The study found that drivers were most often distracted by something outside their vehicle (29.4 percent) followed by adjusting a radio or CD player (11.4 percent). Other specific distractions included talking with other occupants (10.9 percent), adjusting vehicle or climate controls (2.8 percent), eating or drinking (1.7 percent), cell-phone use (1.5 percent) and smoking (0.9 percent).

So, roughly 30,000 serious accidents a year are caused by people fiddling with the audio system. Suddenly, this doesn't seem like a particularly safe thing to do, despite some claims to the contrary.

UNC site: methodology and results. Some pictures and graphs. UNC Highway Safety Research Center.

URL for this day Tuesday, May 8, 2001

I received a question about the note about recurrence statistics:

About the accident question. I don't know probability math and this may be out of my league, but isn't each trip mutually exclusive and therefore the probability of an accident remains the same always.

I replied:

Thanks for the comments. I'm glad someone's reading them!

You are right that each trip is mutually exclusive. But the question is somewhat different. Imagine you have a coin--how many flips will it take before you get a heads? Of course, it's always a possibility that you'll get a tails every time indefinitely, but the probability of that happening gets vanishingly small (If I got 100 tails in a row, I suspect the coin was unfair, not just say "that happens sometimes").

So the question is, given a certain probability, how many flips will it take?
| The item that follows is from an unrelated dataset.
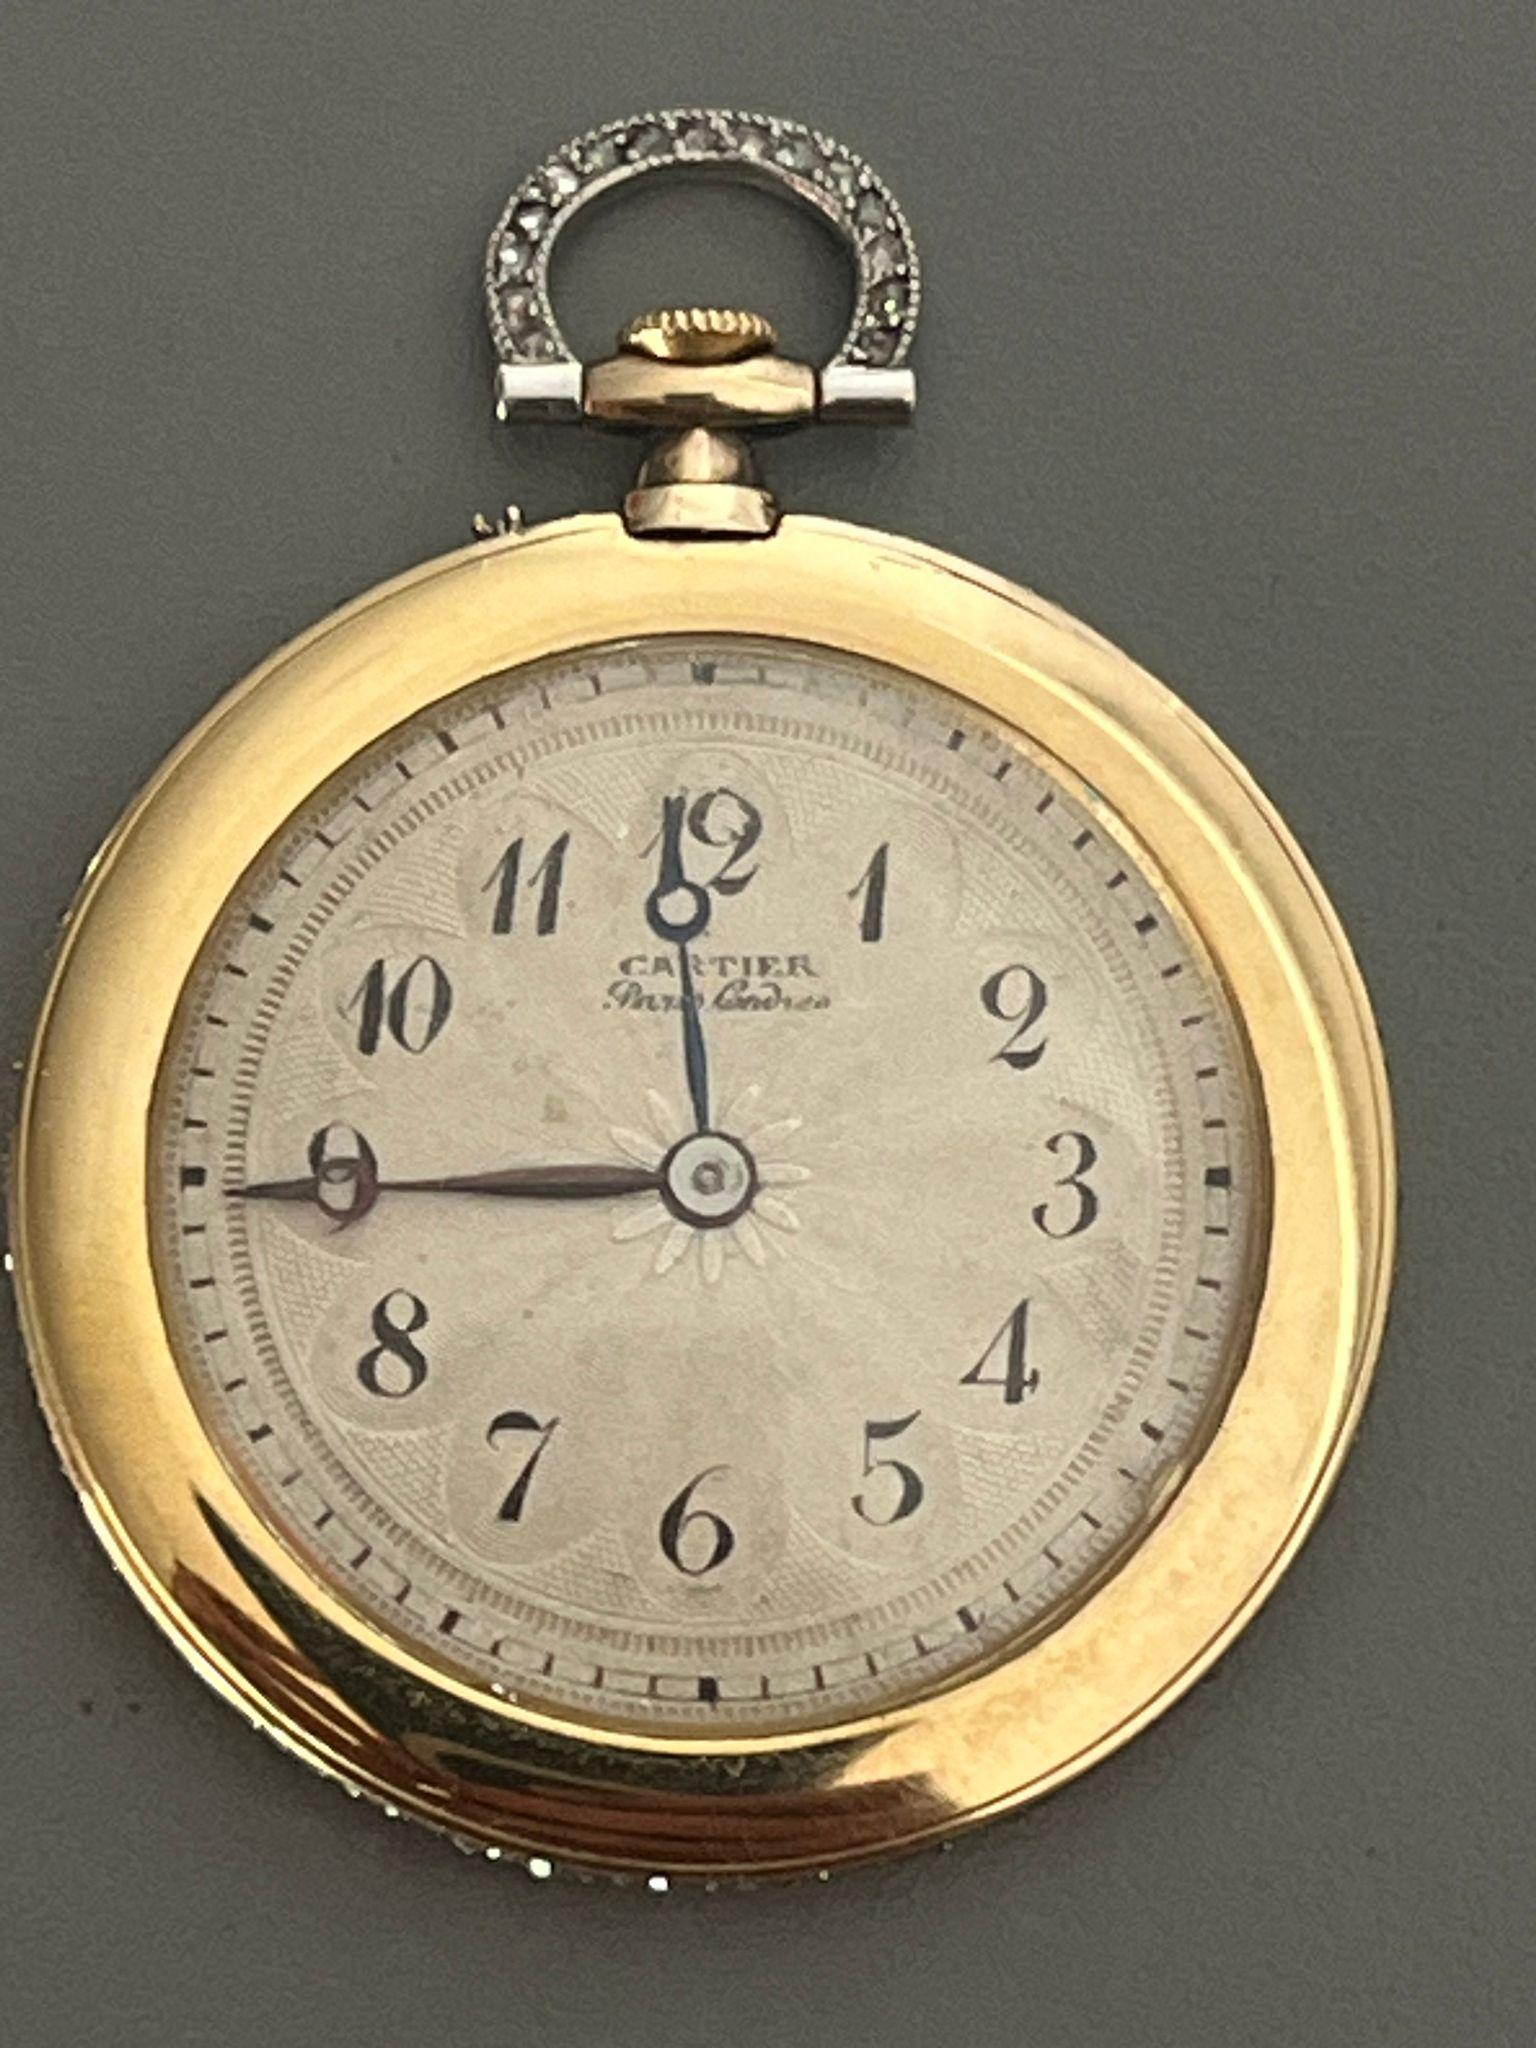 Belle Époque 18KY & Platinum Cartier Belle Epoque Watch C 1907

It turns out that at a 95% confidence level, it's about 6 flips (in other words, about 1/20th of the time you'll get all tails; 19/20th of the time you'll get *at least* one heads).

URL for this day Monday, May 7, 2001

Tim Moran claims the only reasonable business model for telematics is location-based commerce, not safety or luxury.

But what about audiobooks?

In the RISKs digest, a notice about an anti-car jacking service:

...in the unfortunate event of the vehicle being violated or vandalised, Cellstop will alert the owner by calling on his/her cellphone within seconds of the incident happening. Cellstop will dial the number three times and if these calls are unanswered or responded to, the Cellstop unit will automatically starve fuel to the engine, making it impossible to drive the vehicle.

URL for this day Friday, May 4, 2001

Andrea Electronics (microphone maker) announces 1st quarter loss. Among the "contributing factors:"

significant investments in research and development activities primarily associated with the Company's efforts in developing digital audio far-field microphone technologies ... and significant operating expenses related to marketing the Company's digital audio far-field microphone technologies, particularly to the automotive telematics market space.

URL for this day Thursday, May 3, 2001

High tech gas pumps as infomation deliver devices. Telematic lawn mowing. Perhaps we need http://www.TheDigitalGasPump.com and http://www.TheDigitalLawn.com?

URL for this day Wednesday, May 2, 2001

A recurring probability question: Assuming that something occurs with probability P (independent at each trial--like a coin toss), and it's an event that you will repeat many times, how many times does the event need to occur (N trials) in order to achieve probability R of occurring at least once? For example, assume that there's a 1/100 chance of having an accident on the way to work. After how many times will you need to drive to work in order to have a 1/2 chance of having an accident?

The formula, according to my big book of fomulas (Documenta Geigy's Scientific Tables, Sixth Edition) is:

R = 1 - (1-P)^N

This table provides some values for N, given P and R. The answer to the accident question is 70. (Excel spreadsheet)

URL for this day Tuesday, May 1, 2001

I came across this telematics marketing overview. A UM MBA class project?